Gender effects are commonly reported with performance on visuospatial tasks. Lacreuse et al. (1999) reported that young female monkeys perform worse than young males on a delayed recognition span task. The small number of females used in the present study, however, prohibits a meaningful examination of gender effects. The two females performed better than the males in the aged group, but the rigorous selection criteria may have selected for elite females. The young female dog performed worse than most of the young males, but conclusions drawn from a single dog are limited. Chan et al. (2002) reported that gender did not have a significant effect on the performance of the 3c-DNMP task in beagle dogs.

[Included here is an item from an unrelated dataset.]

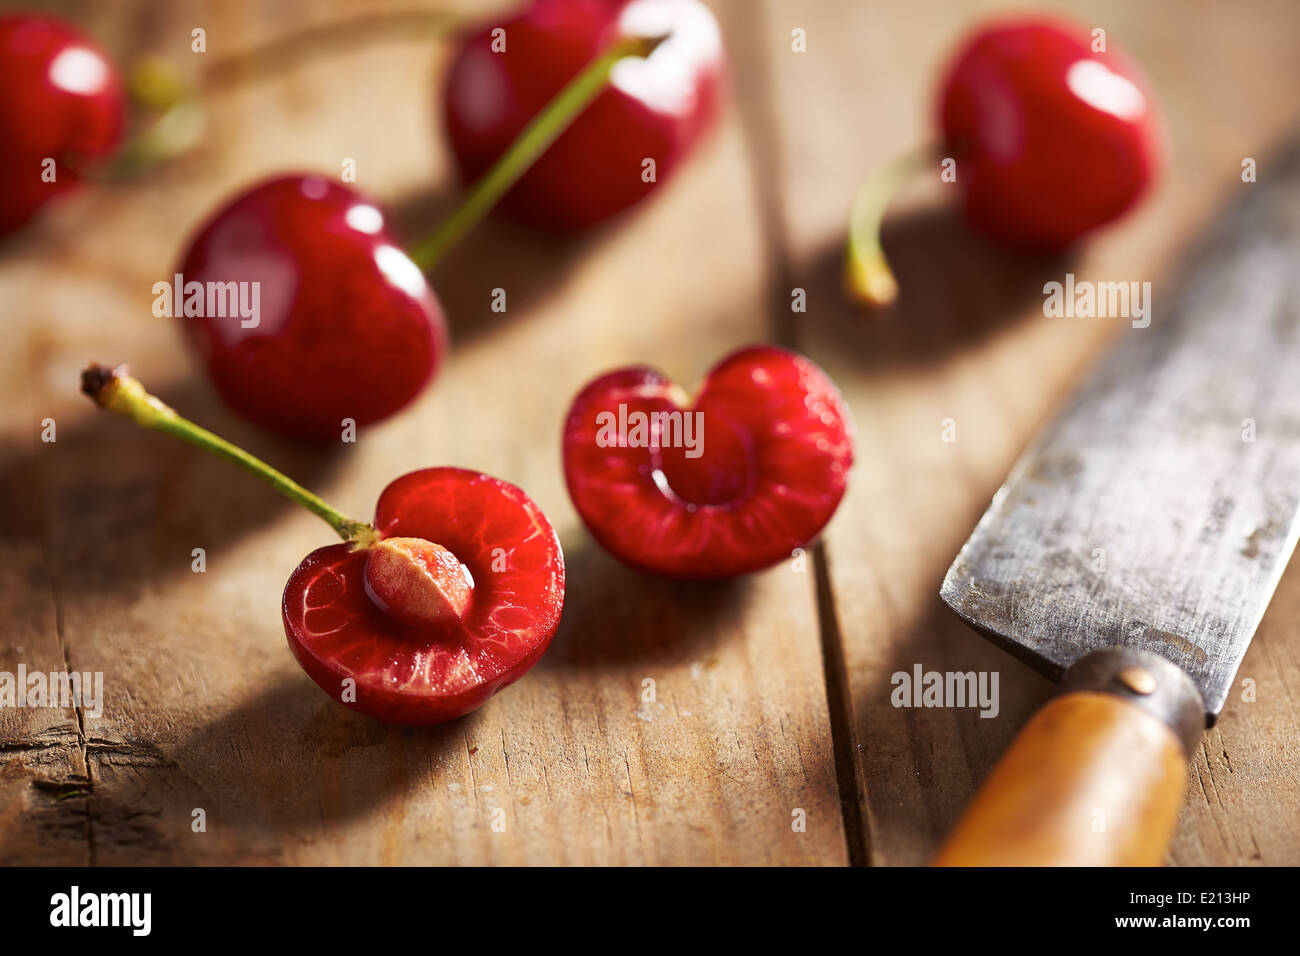 Red ripe open cherry on wooden background Stock Photo

Our findings suggest that in the beagle dog, the working memory processes of maintenance and on-line monitoring are differentially affected by age. These dissociative effects may be linked to differential rates of aging in neuroanatomical regions that control maintenance and executive functions such as on-line monitoring. On-line monitoring and maintenance of information in working memory appear to depend on the dorsolateral and ventrolateral prefrontal cortex, respectively (Petrides et al. 1993; Owen et al. 1996, 1998, 1999; Cabeza et al. 1997; D'Esposito et al. 1999; Postle et al. 1999, 2000a,b,c; Rympa et al. 1999; Smith and Jonides 1999; Postle and D'Esposito 2000; Ross and Segalowitz 2000; Stern et al. 2000; Braver et al. 2001). The prefrontal cortex is particularly sensitive to the effects of aging (Kuhl et al. 1982; Duara et al. 1984; Coffey et al. 1992; Raz et al. 1993, 1997; Cowell et al. 1994; DeCarli et al. 1994). We have also obtained evidence that this cortical region is sensitive to aging in the dog (Head et al. 1998). Using magnetic resonance imaging techniques to quantify cortical volume, we recently found significant atrophy in the frontal lobes of the aged beagle dog (Tapp et al. 2002). Further work should establish whether this age-related pathology can be linked selectively to the proreal or subproreal cortical areas in the dog, which correspond to the primate dorsolateral and ventrolateral prefrontal cortices.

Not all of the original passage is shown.